What the year ahead holds for agencies

Paul Bainsfair

“There are decades where nothing happens; and there are weeks where decades happen.” Lenin wrote that 100 years ago but it can easily be applied to some of the things we witnessed last year.

So as we look forward to the year ahead for advertising we can’t do so without bearing in mind the vast geo-political upheavals that have happened. And we must keep an eye on what lies ahead. With elections in Holland, Austria, France and Germany all scheduled who’s to say there aren’t more shocks and surprises coming along soon.

The IPA Bellwether Report has proved a reliable guide to the health of the industry over the years. I’m pleased to say that with marketers revising their budgets up again in Q4, the industry ends the year on a high. And although we predict a marginal decline in adspend for 2017 due to Brexit uncertainty, growth is expected once again in 2018.

Aside from slight financial fluctuations, what else will 2017 have in store?
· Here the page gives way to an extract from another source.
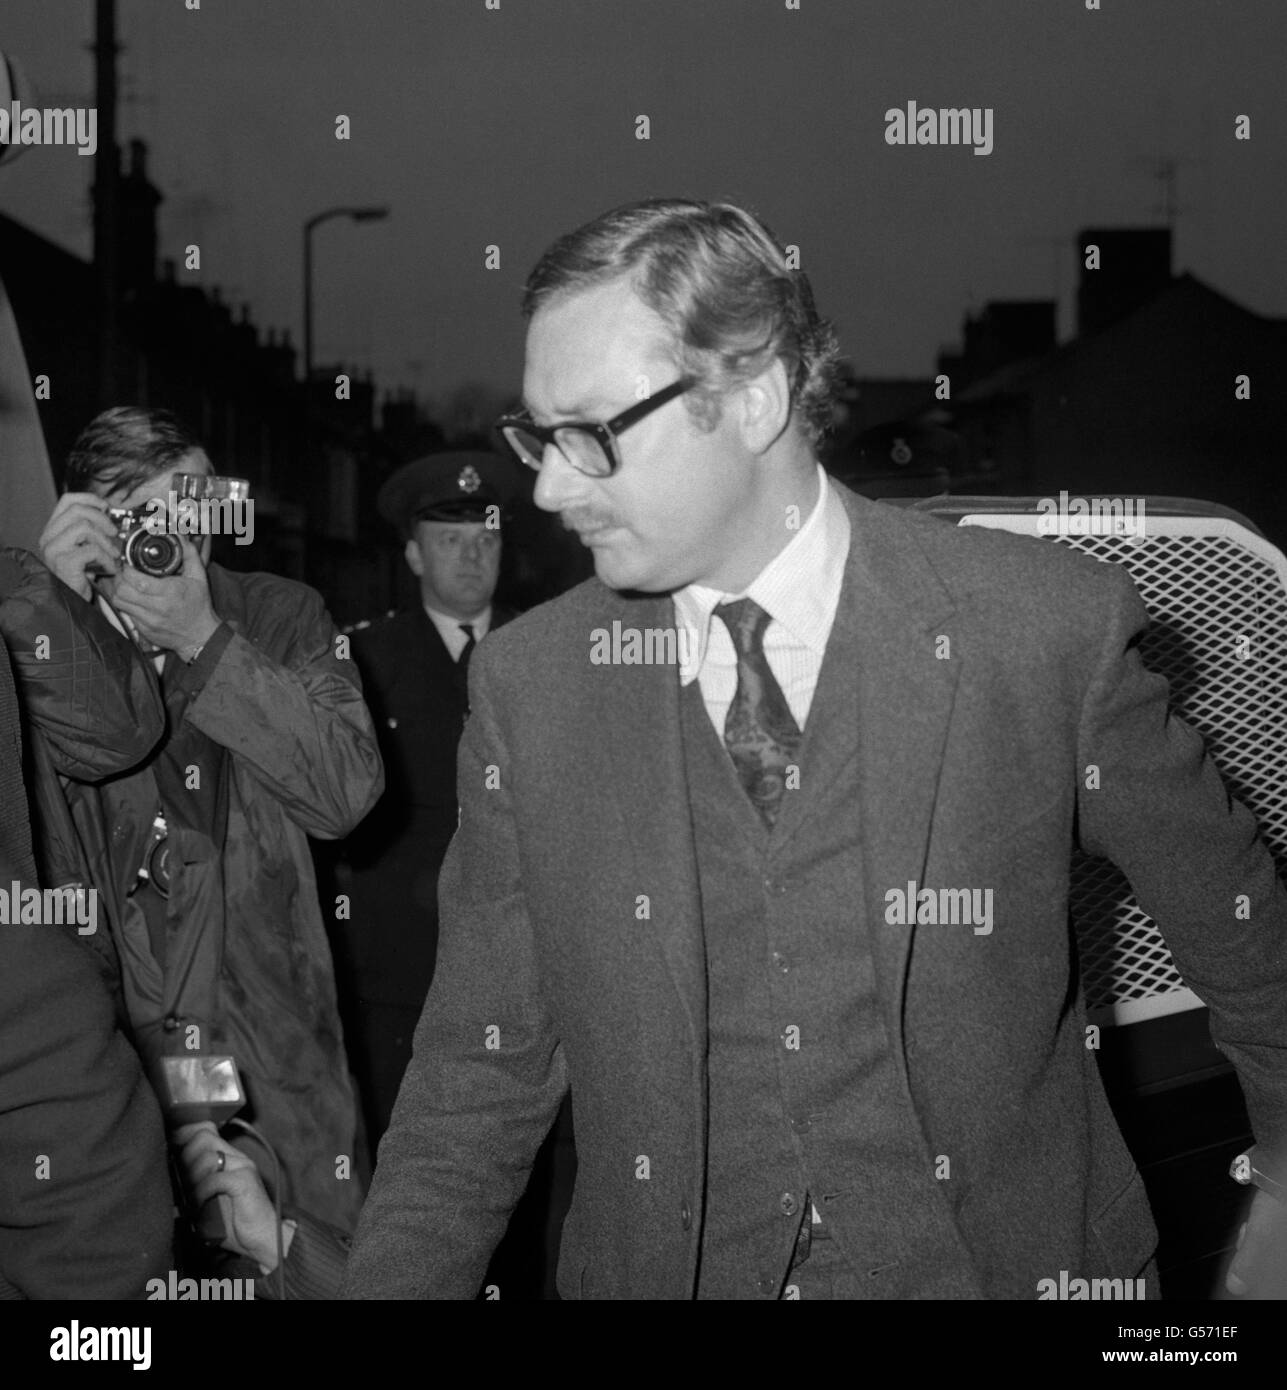 Bruce Reynolds at Linslade, Bedfordshire, who was remanded for a third time, accused of being concerned in the Great Train Robbery in 1963. He was remanded in custody until 4/12/68 after a two minute hearing Stock Photo

Media will continue to get more and more complicated. Programmatic spend will grow like Topsy and advertisers will keep on asking for more transparency. The rise and rise of the media tech giants will continue and so will the questions around their measurement. There will be more of a concerted call for an audited media currency.

Given the size of Facebook can they really expect to carry on ‘marking their own homework’?

Many people don’t think so.

Big data will start to give way to quality data. The other question which won’t go away is when has an ad really and truly been seen? There will definitely be more debate on what constitutes an impression.

I’m hoping that 2017 will be the year that agencies really start to push back on the destructive race to the bottom that their clients seem hell bent on. The IPA will be in the vanguard to help meet the commercial challenges caused by this constant demand for the lowest price. For as long as it continues, everybody - the agencies and the advertisers - will be a loser. Advertisers have confused price with value and so we will continue to promote effectiveness and value over efficiency for its own sake, and to run our master classes in selling, pricing and negotiation.

Advertising itself will continue to come under scrutiny in 2017. Ironically, mostly from Brussels, which despite Brexit, will continue to influence us here for some time to come.

There is the new General Data Protection Regulation coming in in May next year and proposals for a new E-Privacy Regulation, both of which could force all businesses, not just those in our industry, to change their business models to ensure greater protection for consumer data.

Brussels are also planning potential changes to the Audio Visual Media Services Directive, which also threaten greater restrictions on advertising.

And there will be the usual pressure points in advertising, such as the traditional calls to restrict advertising of alcohol, gambling, HFSS foods and drinks to children (note the recent changes to the CAP Code) due to come take effect later this year.

The end of last year saw a lot of opinion pieces about learning from the past to shape the future, with such luminaries as John Hegarty and Jeremy Bullmore referencing the need to keep hold of our accumulated wisdom. Coincidentally the most sought after course here at the IPA was ‘The Fundamentals’ – a series of workshops set up to combat the concern that the pace of change in the industry means that too much is being lost in the wash.

So, in looking forward to what 2017 might have in store for us, my last prediction is that it will be the year that agencies look back.

Back to the treasure trove of wisdom that made us who we are. To paraphrase the Donald – it is time to “make Advertising great again”.